Breaking: mssql-python Now Streams SQL Server Data Directly via Apache Arrow, Slashing Overhead for Python Data Libraries

By

Breaking: mssql-python Now Streams SQL Server Data Directly via Apache Arrow, Slashing Overhead for Python Data Libraries

February 23, 2025 – The mssql-python driver has just gained native Apache Arrow support, enabling zero-copy data ingestion from SQL Server into Polars, Pandas, DuckDB, and other Arrow-native tools. Community contributor Felix Graßl (@ffelixg) delivered the feature, which eliminates the traditional bottleneck of per-row Python object creation.

Breaking: mssql-python Now Streams SQL Server Data Directly via Apache Arrow, Slashing Overhead for Python Data Libraries
Source: devblogs.microsoft.com

“Fetching a million rows used to mean a million Python objects, a million garbage collector allocations, and then discarding it all to build a DataFrame,” said Graßl. “Now mssql-python writes directly into Arrow buffers. The DataFrame library gets a pointer and works immediately—no serialization, no copies.”

What Changed?

Previously, mssql-python had to convert each SQL Server row into Python objects (ints, strings, datetimes) before they could be assembled into a DataFrame. With Arrow support, the entire fetch loop runs in C++ and populates contiguous typed arrays. Nulls are represented as a compact bitmap rather than per-cell Python None objects.

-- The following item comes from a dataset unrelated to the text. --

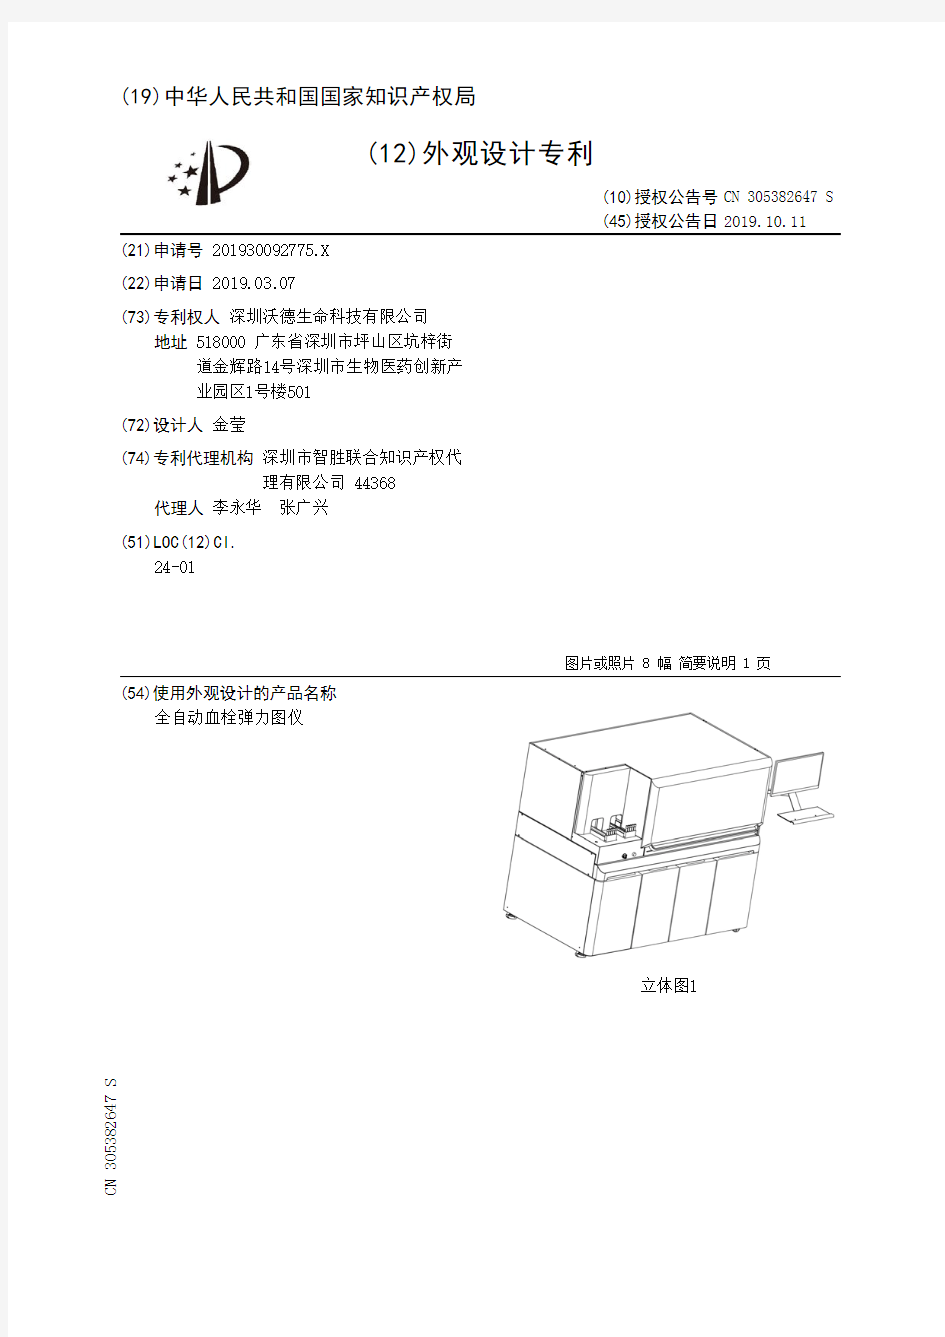 【CN305382647S】全自动血栓弹力图仪【专利】

For temporal types like DATETIME and DATETIMEOFFSET, Python-side per-value conversions are eliminated entirely, which should speed up those columns significantly. The driver now implements the Arrow C Data Interface, a cross-language ABI that lets languages exchange shared memory without marshaling.

Background: How Apache Arrow Works

Apache Arrow is an open standard for columnar in-memory data, designed for zero-copy language interoperability. Its C Data Interface (a stable ABI) allows programs written in different languages to share memory by passing a pointer—no serialization, no copying, no re-parsing.

Arrow stores each column contiguously in typed buffers. A column of one million integers is a single C array, not a million Python objects. Nulls are recorded in a bitmap, saving memory on missing values.

For a database driver, this means the entire fetch loop can be implemented in C++ and write directly into Arrow buffers. The consuming library (e.g., Polars) receives a pointer and can begin filtering, joining, or aggregating in-place without materializing Python objects at any stage.

Breaking: mssql-python Now Streams SQL Server Data Directly via Apache Arrow, Slashing Overhead for Python Data Libraries
Source: devblogs.microsoft.com

Immediate Benefits

What This Means

Data engineers and scientists working with SQL Server will see dramatically faster ETL pipelines. The elimination of Python object creation and garbage collection pressure means larger datasets can be processed in memory without slowdown. “We’re removing the impedance mismatch between the database and the analytical library,” explained Graßl. “Every downstream operation—filter, join, aggregation—works in-place on the same Arrow buffers.”

This also complements projects like DuckDB, which can now directly read from mssql-python’s Arrow tables without any conversion step. For Polars users, query execution becomes near-zero overhead.

Next Steps

The new arrow-fetch feature is available in mssql-python starting from version 2.5.0. Users need only set the fetch_arrow=True parameter in their connection cursor or query execution call.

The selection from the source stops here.